[fpc-devel] Unicode support - for the 20th time... ;-)

Thu Nov 20 13:24:43 CET 2008

On 20 Nov 2008, at 13:13, Graeme Geldenhuys wrote:

> I think basing those functions on code points should suffice.  I also
> think as soon as strings are assigned or loaded from file, they should
> be normalized. So two code points like the A and Umlaut code points
> would become one.

How would one know which code points were originally decomposed and  
which weren't? Should it be impossible to save a file that  
demonstrates the different possible UTF encodings of e.g. ö, and  
should a loaded/saved file which contained both encodings really be  
automatically entirely composed or decomposed when saved again?

I know of no text editor that handles UTF which automatically changes  
the encoding of pre-existing characters when saving the documents.

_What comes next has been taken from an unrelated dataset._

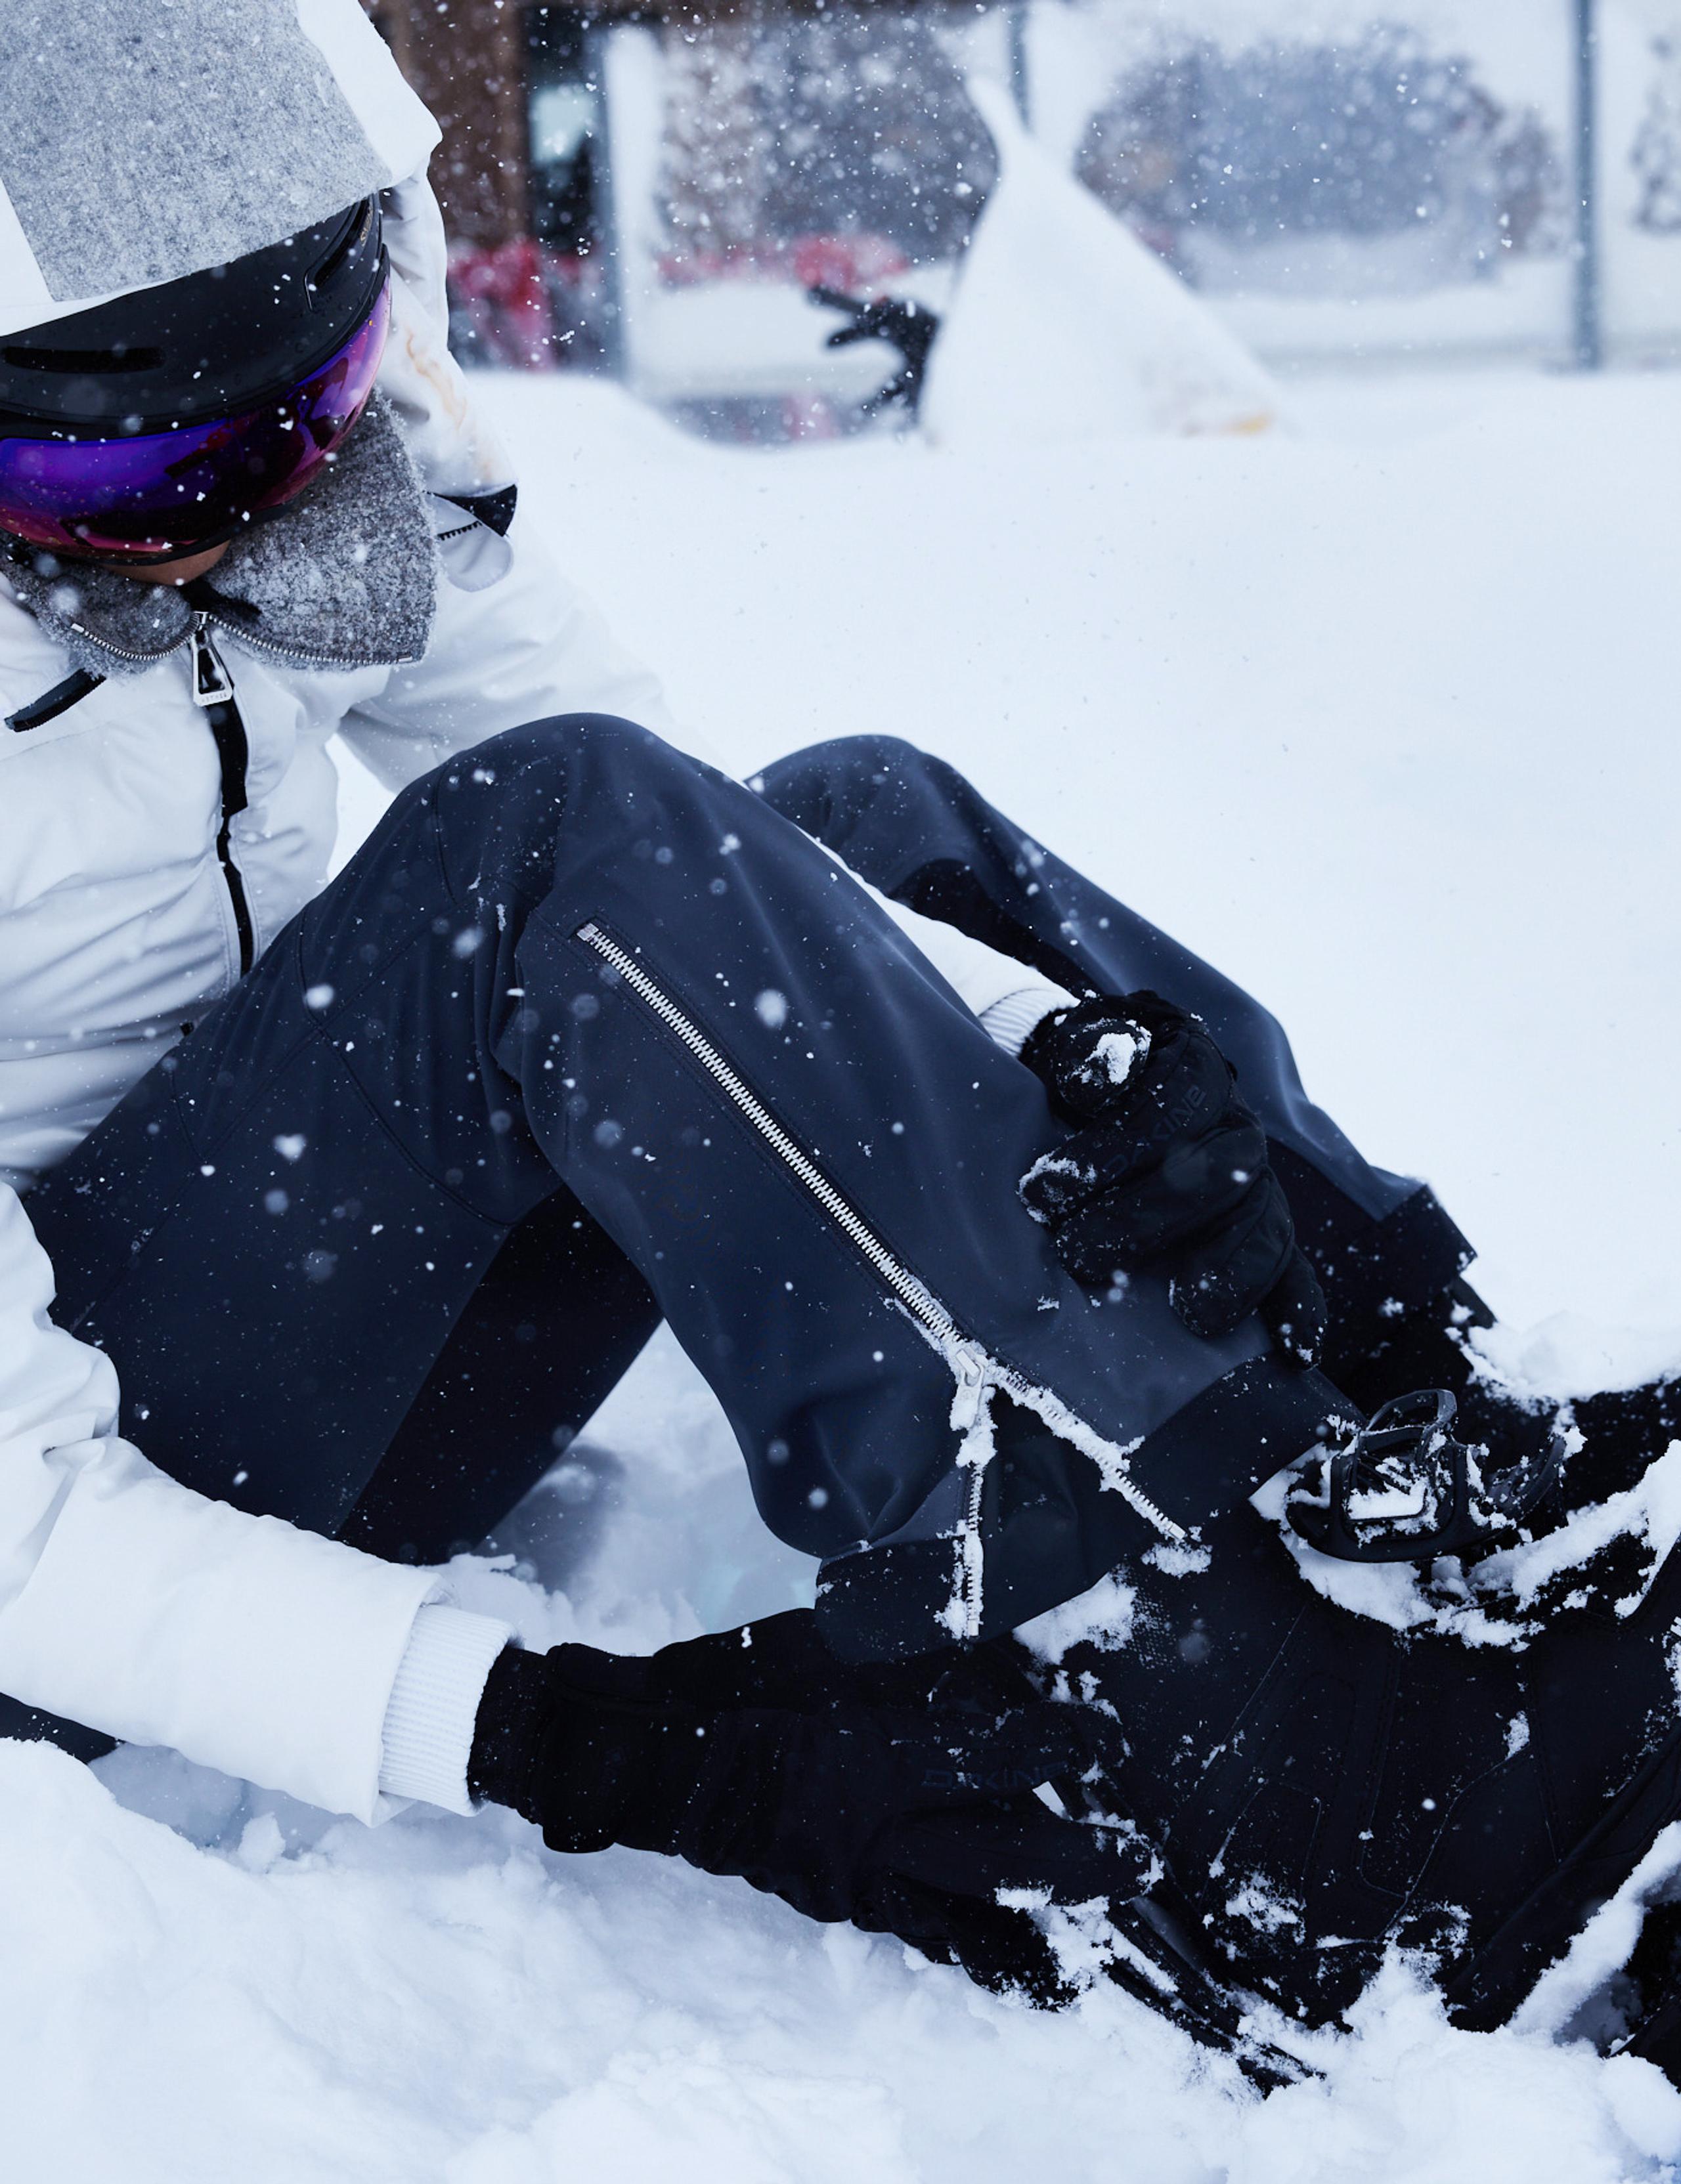 Women wearing Descent Snow Bib 2.0 getting ready to snowboard

And  
I would never want to use a text editor which does that by default.

> The .SaveToFile() methods could take an optional parameter to decide
> if the normalized version of the string gets saved, or if it must be
> split again - which I think Mac OS-X prefers.

It doesn't. All OS functions that return file/path names return  
decomposed (UTF-8)strings. They accept both composed and decomposed  
strings. Text files are text files and can have any encoding you want,  
with any combination of composed and decomposed characters.

Jonas